Mathematics Advanced • Year 11 • Module 2 • Lesson 1

Angles & Radian Measure

Apply radian measure to real-world rotation problems: bicycle wheels, satellites, robotics, surveying, and unit-circle quadrants.

Apply · Problem Set

Problem 1, Bicycle wheel rotation (mechanical)

A cyclist's wheel has radius 35 cm. The wheel rotates through 1500° in 2 seconds of pedalling.

Set up: What are we solving for?

(i) Express 1500° in exact radian form.   2 marks

(ii) How many complete revolutions did the wheel make? Show your reasoning, one revolution is 2π radians.   2 marks

(iii) Find the angular speed in radians per second, and explain in one sentence why mechanical engineers prefer rad/s over deg/s.   2 marks

Stuck? Revisit lesson § What is a radian?, especially the dimensionless property.
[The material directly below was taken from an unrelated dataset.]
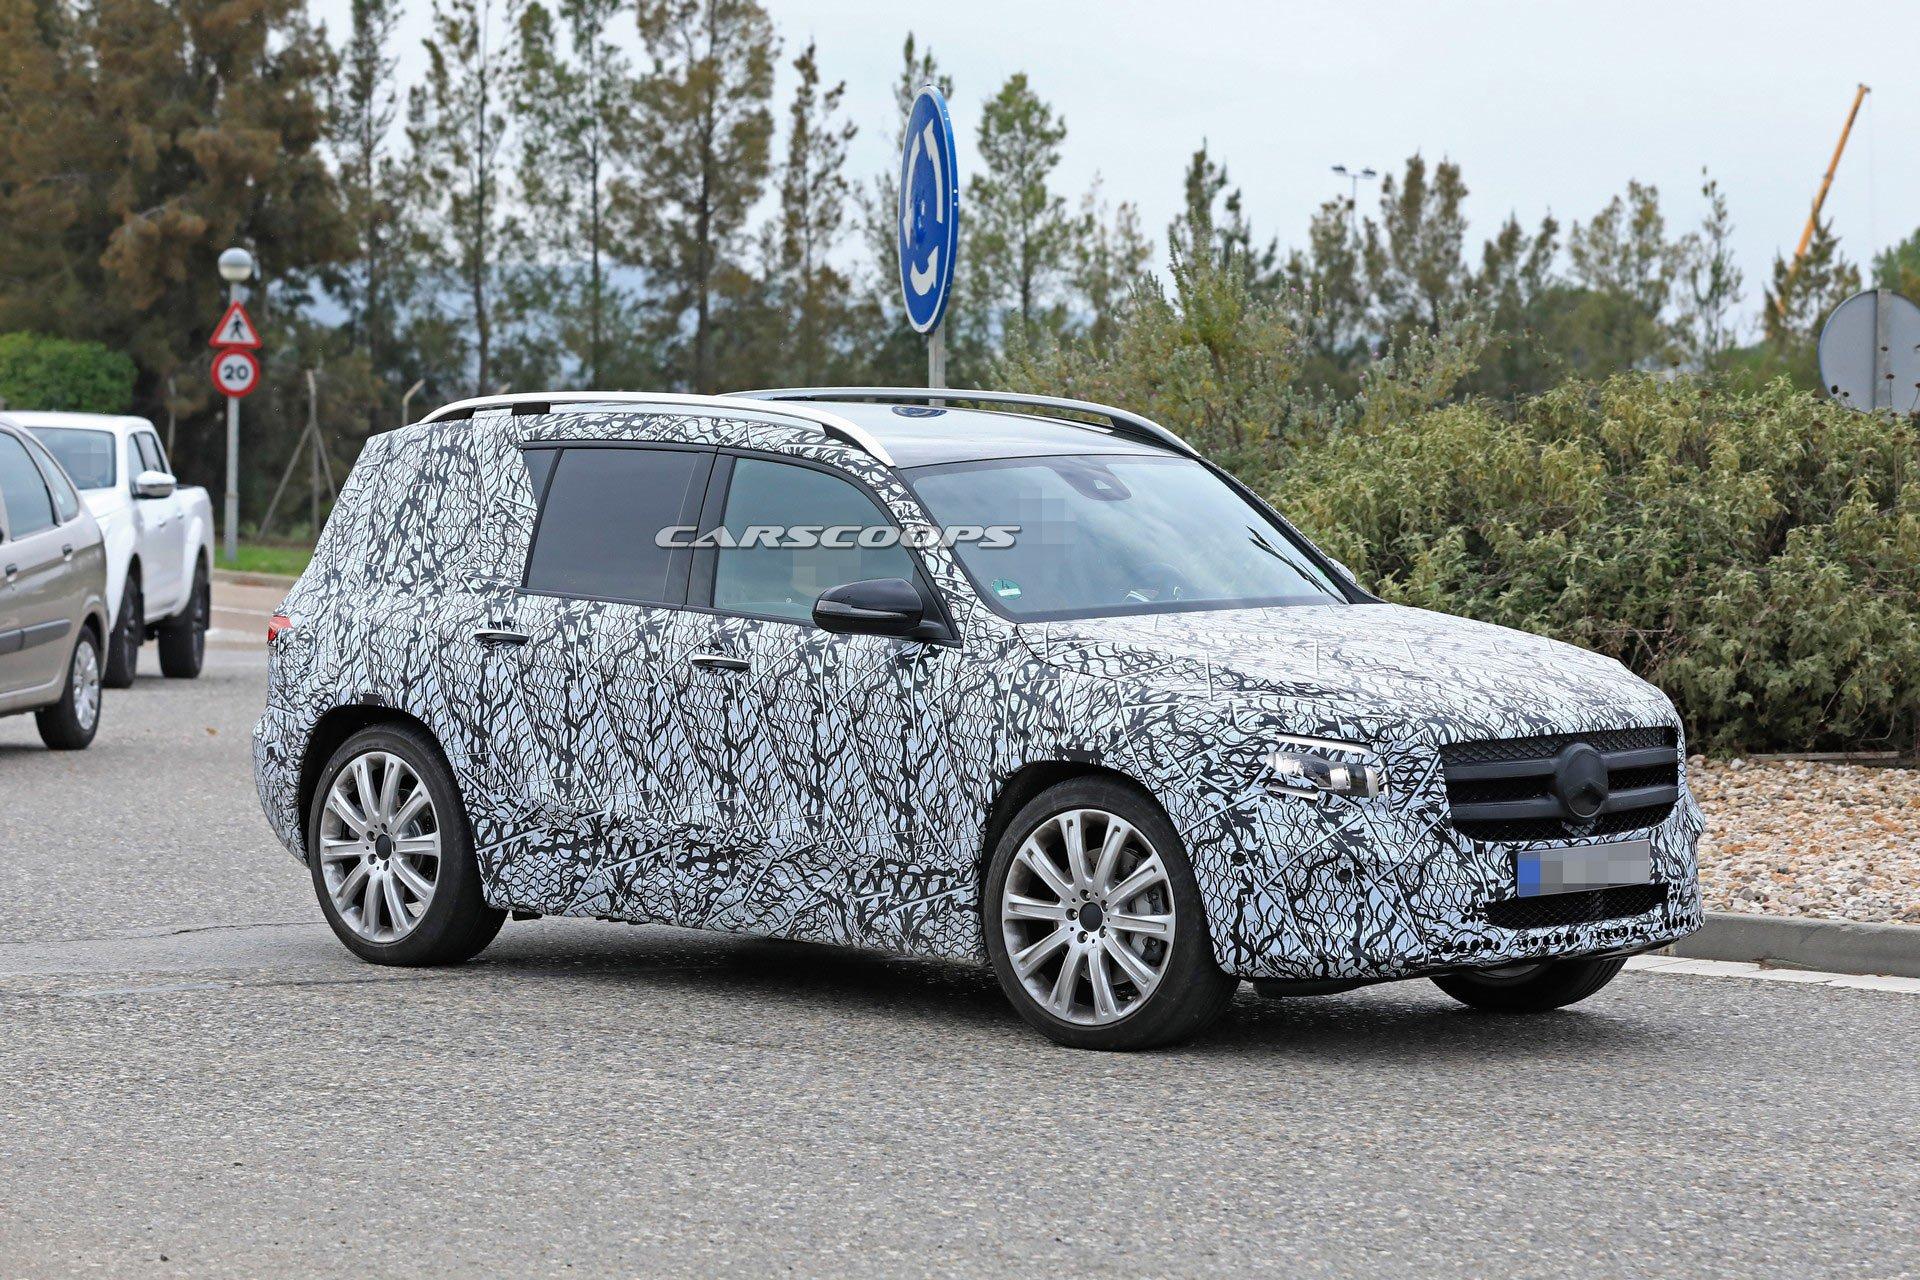 2020年に発売予定のメルセデスベンツの新型SUV「GLB」が日本で売れそうな件!

Problem 2, Satellite ground track (geometric)

A geostationary satellite orbits the equator and is currently at longitude 75° East. Engineers track its position using radian measure.

Set up: What are we solving for?

(i) Convert 75° East to exact radian form.   2 marks

(ii) If the satellite is repositioned to longitude 240° East (measured around the equator), give the new position in radians. Then give an equivalent negative coterminal angle for the same position.   3 marks

(iii) Mission control logs the satellite's cumulative angular displacement (it does not reset at each lap). After one complete orbit it adds 2π to the log; after two complete orbits, 4π. If the log reads 17π/2 rad, how many complete orbits has the satellite made?   2 marks

Problem 3, Surveying theodolite reading (data)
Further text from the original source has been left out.